A different and better way is to use numerical quadrature methods specifically designed to deal with oscillatory functions. For Bessel functions of the first kind, the quadrature formula from Ogata (2005) is very useful. Ogata (2005) demonstrates that integrals of the type \begin{equation} \int_0^\infty \mathrm{d}x\,J_\nu(x)\,f(x) \end{equation} can be approximated as \begin{align} \int_0^\infty \mathrm{d}x\,J_\nu(x)\,f(x) & \approx \label{eq-math-besselint} \pi\,\sum_{k=1}^{\infty}{w_{\nu k}\,f\left({\pi \over h}\,\psi\left[h\,\xi_{\nu k}\right]\right)\,J_\nu\left({\pi \over h}\,\psi\left[h\,\xi_{\nu k}\right]\right)\,\psi'\left(h\,\xi_{\nu k}\right)}\,, \end{align} where \(\psi(t)\) and its derivative \(\psi'(t)\) are \begin{equation} \psi(t) = t\,\tanh\left({\pi \over 2}\,\sinh t\right)\,,\quad \psi'(t) = {\sinh\left(\pi\,\sinh t\right)+\pi\,t\,\cosh t \over \cosh\left(\pi\,\sinh t\right)+1}\,. \end{equation} The weights \(w_{\nu k}\) are given by \begin{equation}\label{eq-math-besselint-weights} w_{\nu k} = {2\over \pi^2\,\xi_{\nu k}\,J^2_{\nu+1}\left(\pi\,\xi_{\nu k}\right)}\,. \end{equation} The \(\xi_{\nu k}\) are the zeros of the Bessel function \(J_{\nu}(\pi\,x)\) and \(h\) is a numerical step size that should be set as small as possible. Because as \(k \rightarrow \infty\), \({\pi \over h}\,\psi(h\,\xi_{\nu k}) \rightarrow \pi\,\xi_{\nu k}\), which are the zeros of \(J_{\nu}(x)\), the terms in the sum quickly approach zero, such that convergence is obtained with a small number of terms. Mathematically, this approach happens “double exponentially” (that is, fast), but this has nothing to do with and should not be confused for the double exponential disk model common in galactic dynamics (however, this formula is highly useful for working with double exponential disk models!).

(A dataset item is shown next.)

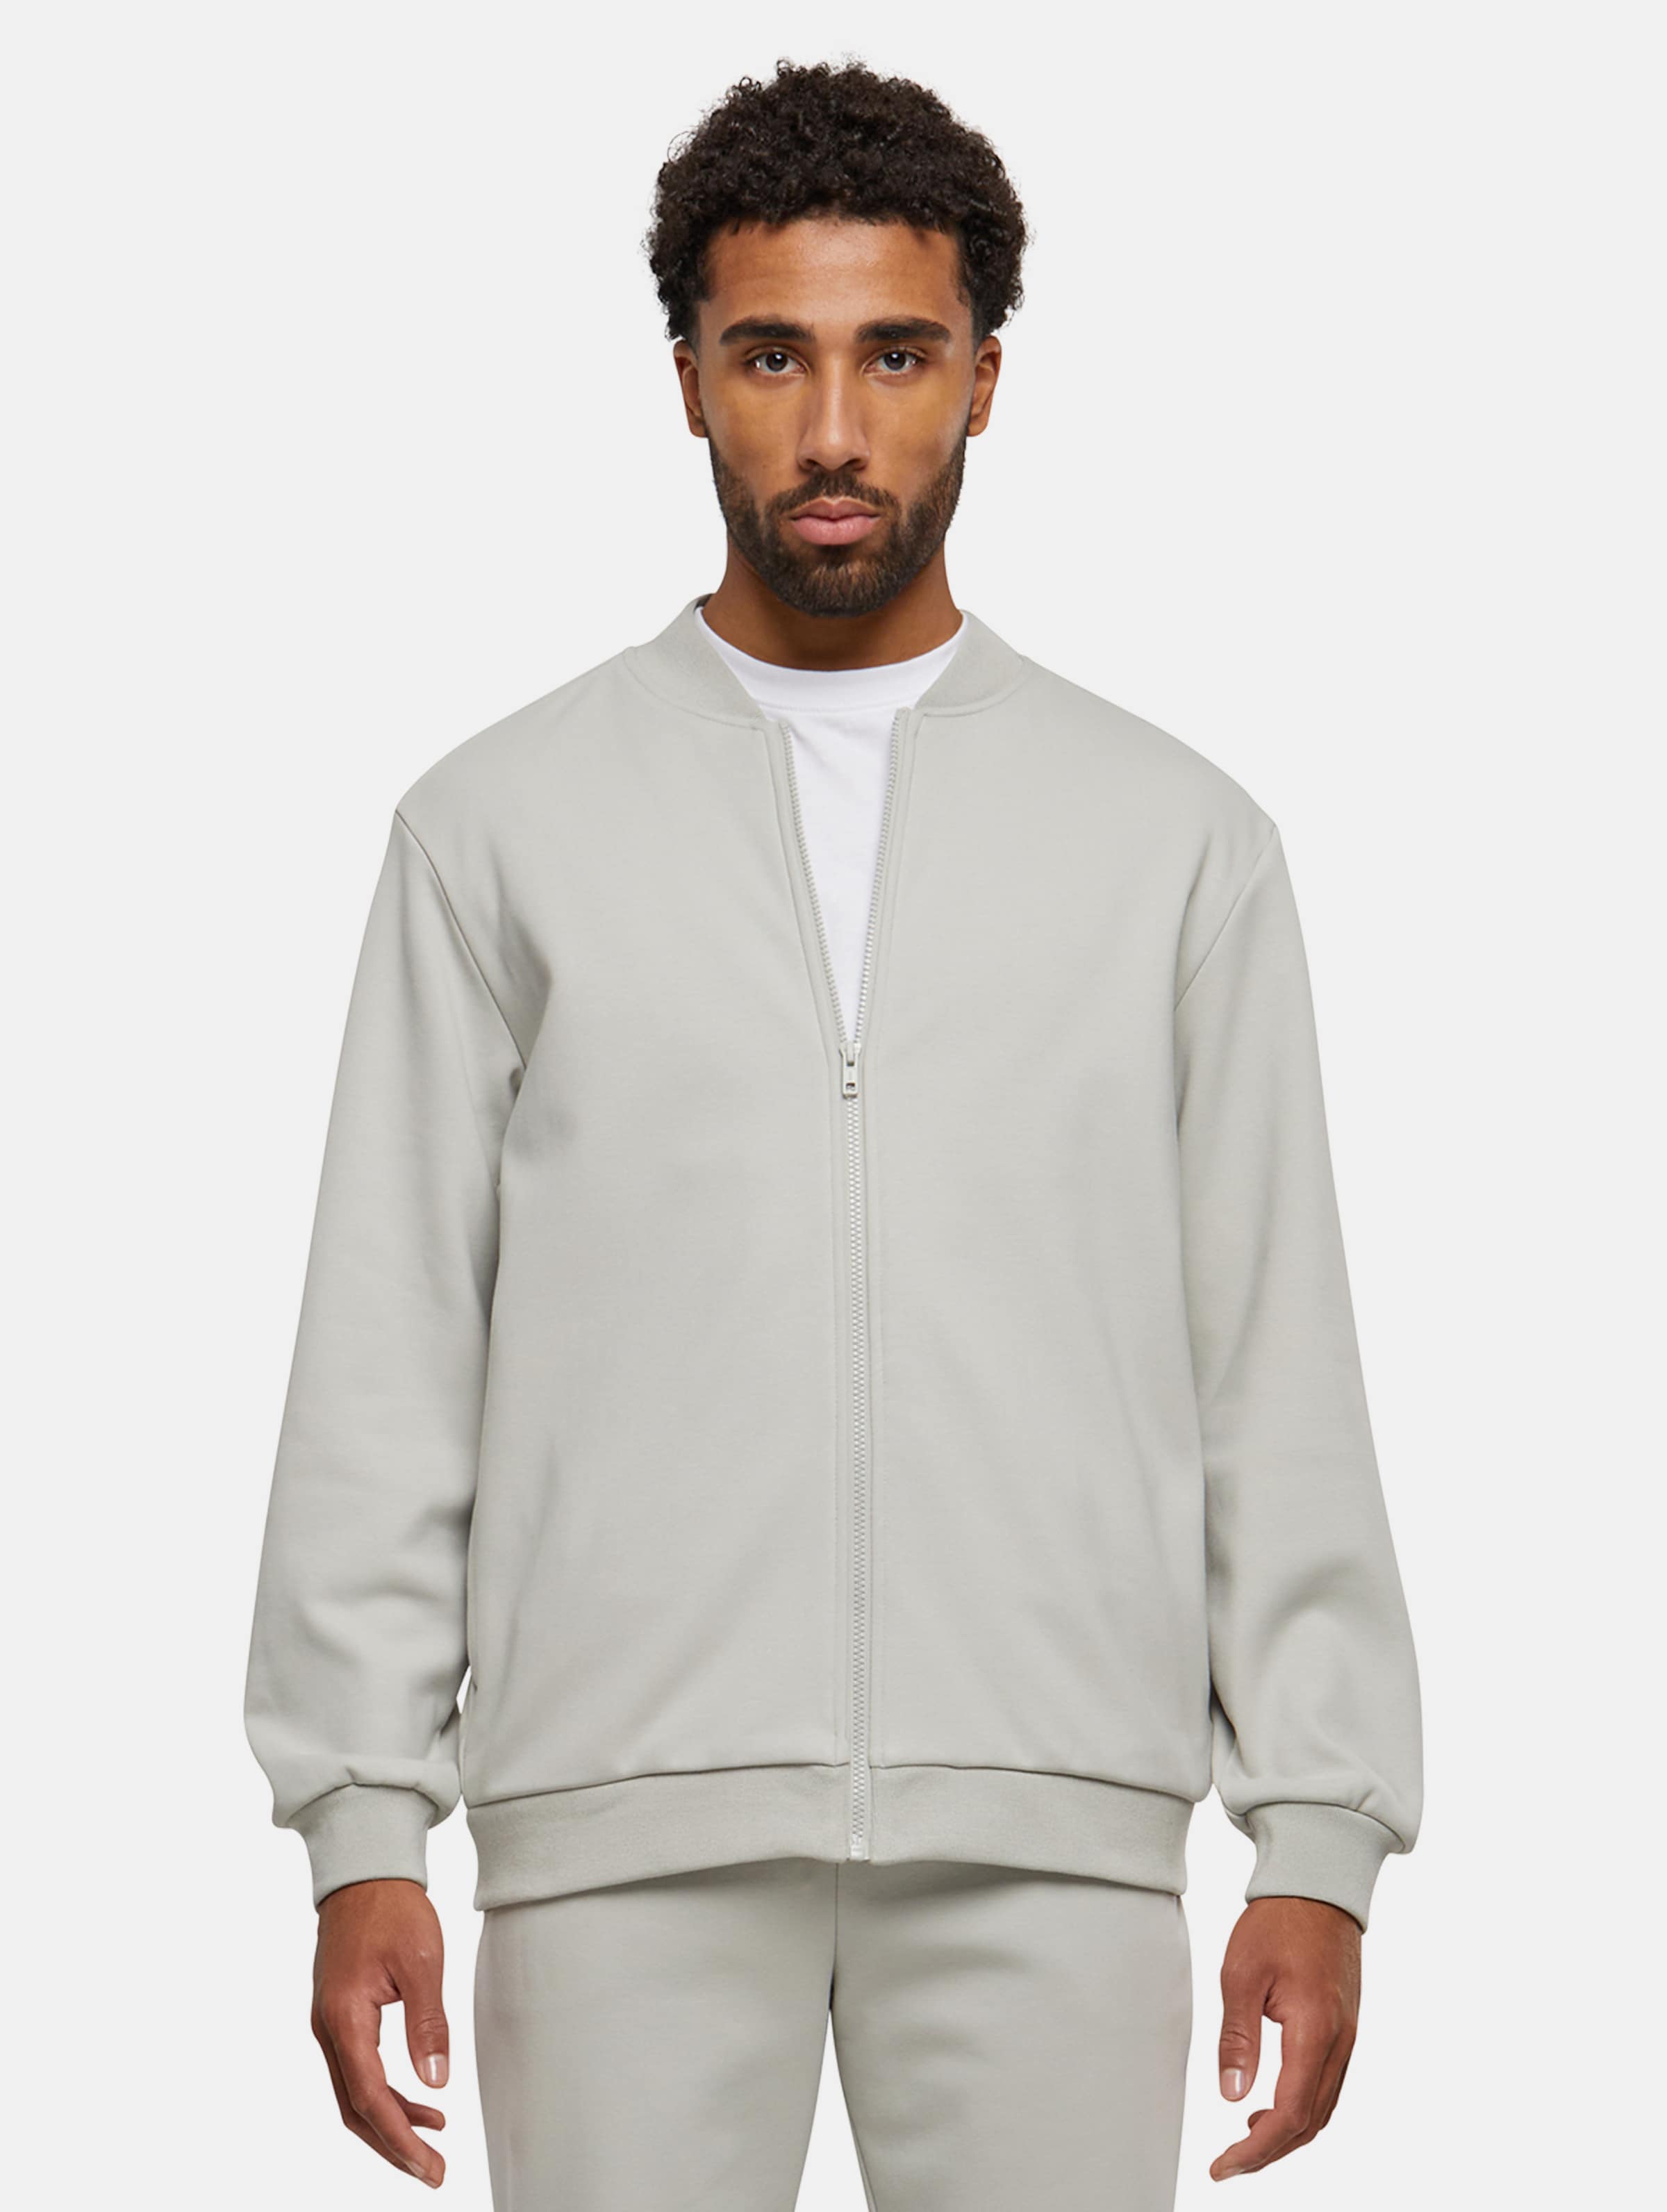 Urban Classics - Cozy College jacket Sweater/trui met rits - S - Grijs

To illustrate this quadrature method for Bessel functions, we can apply it to some integrals with known solutions, for example, relation (B.52) above.
First, we implement the \(\psi(t)\) and \(\psi'(t)\) functions:
[7]:
def de_psi(t):
return t*numpy.tanh(numpy.pi/2.*numpy.sinh(t))
def de_psiprime(t):
return (numpy.sinh(numpy.pi*numpy.sinh(t))+numpy.pi*t*numpy.cosh(t))\
/(numpy.cosh(numpy.pi*numpy.sinh(t))+1)
and then some functions that return the relevant zeros of the Bessel function and the weights from Equation (B.62)
[8]:
from scipy import special
def de_xinuk(nu,nzeros):
return special.jn_zeros(nu,nzeros)/numpy.pi
def de_wnuk(nu,nzeros,xinuk=None):
if xinuk is None: xinuk= de_xinuk(nu,nzeros)
return 2./(numpy.pi**2.*xinuk*special.jv(nu+1,numpy.pi*xinuk)**2.)
and finally a function that implements the quadrature formula of Equation (B.60) (here, we stop adding terms once they have a relative contribution less than \(10^{-15}\))
[9]:
def de_approx(fun,nu,h,nzeros):
xinuk= de_xinuk(nu,nzeros)
sumthis= fun(numpy.pi/h*de_psi(h*xinuk))\
*special.jv(nu,numpy.pi/h*de_psi(h*xinuk))\
*de_psiprime(h*xinuk)
sumthis[numpy.fabs(sumthis/numpy.cumsum(sumthis)) < 1e-15]= 0.
sumthis[numpy.isnan(sumthis)]= 0.
return numpy.pi*numpy.sum(de_wnuk(nu,nzeros,xinuk=xinuk)*sumthis)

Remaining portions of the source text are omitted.